Computational linguistics (CL) is the application of computer science to the analysis and comprehension of written and spoken language. As an interdisciplinary field, CL combines linguistics with computer science and artificial intelligence (AI) and is concerned with understanding language from a computational perspective. Computers that are linguistically competent help facilitate human interaction with machines and software. This is useful in many settings as it helps humans complete tasks more efficiently.
Computational linguistics is used in tools such as instant machine translation, speech recognition systems, parsers, text-to-speech synthesizers, interactive voice response systems, search engines, text editors and language instruction materials.
The term computational linguistics is also closely linked to natural language processing (NLP), and these two terms are often used interchangeably.
Applications of computational linguistics
Most work in computational linguistics — which has both theoretical and applied elements — is aimed at improving the relationship between computers and basic language. It involves building artifacts that can be used to process and produce language. Building such artifacts requires data scientists to analyze massive amounts of written and spoken language in both structured and unstructured formats.

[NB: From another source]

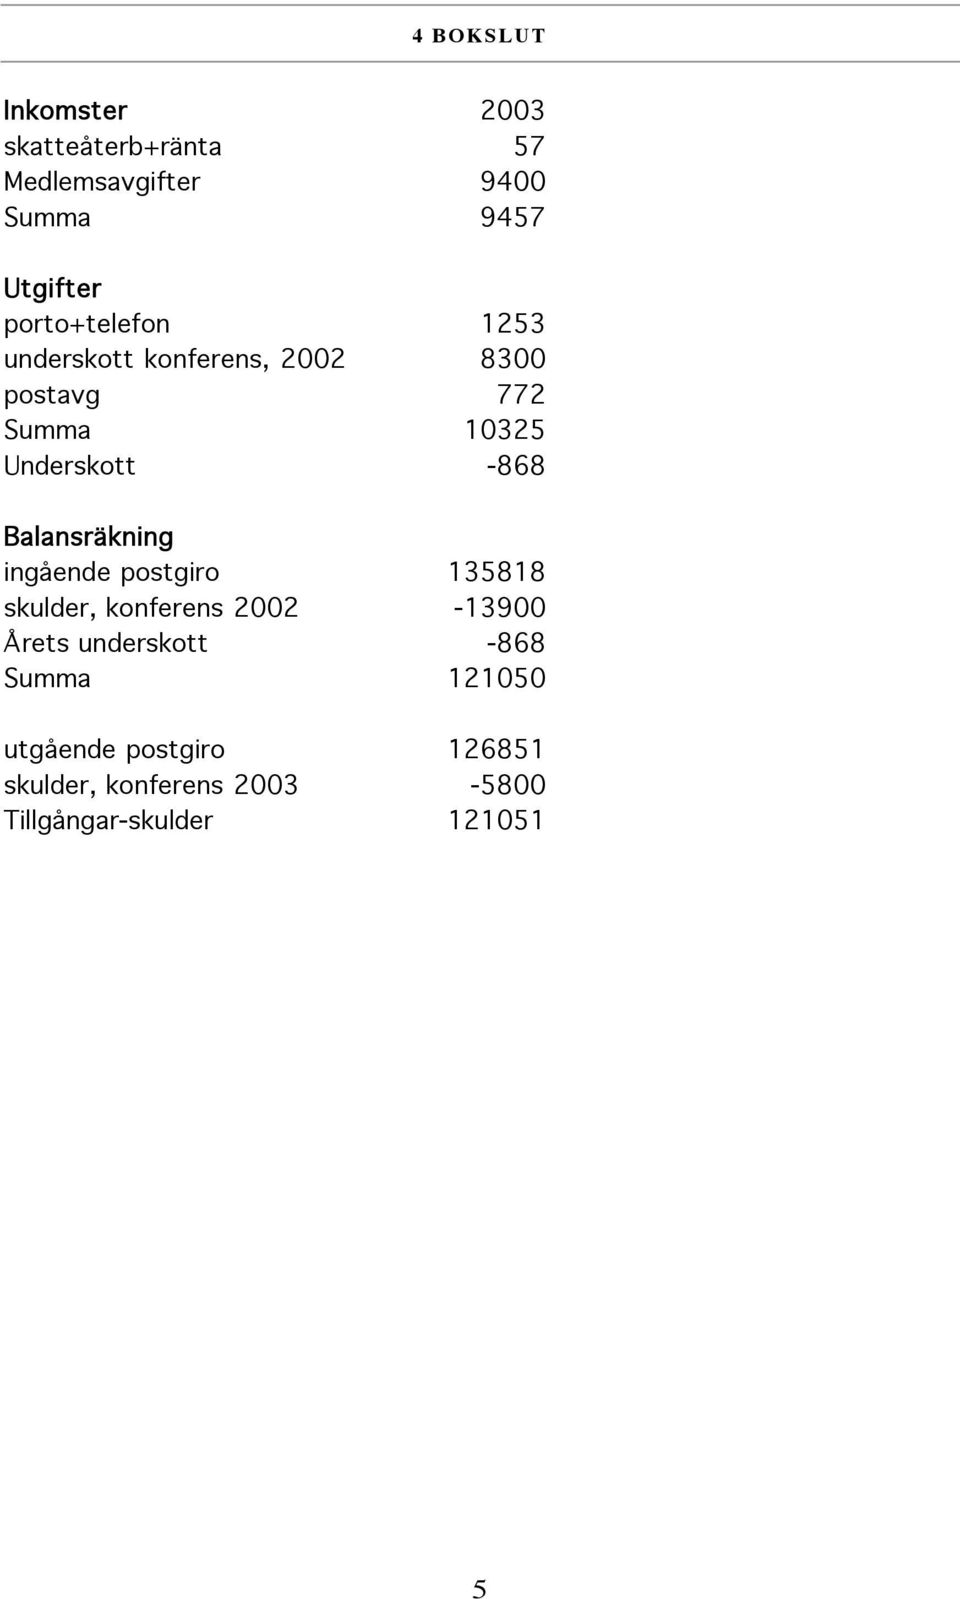 Balansräkning ingående postgiro 135818 skulder, konferens 2002-13900 Årets underskott -868

Applications of CL typically include the following:
- Natural language processing. NLP is a field of AI that enables computers to process and understand language in a similar way that humans do.
- Machine translation. This is the process of using AI to translate one human language to another.
- Application clustering. This is the process of turning multiple computer servers into a cluster.
- Sentiment analysis. Sentiment analysis is an important approach to NLP that identifies the emotional tone behind a body of text.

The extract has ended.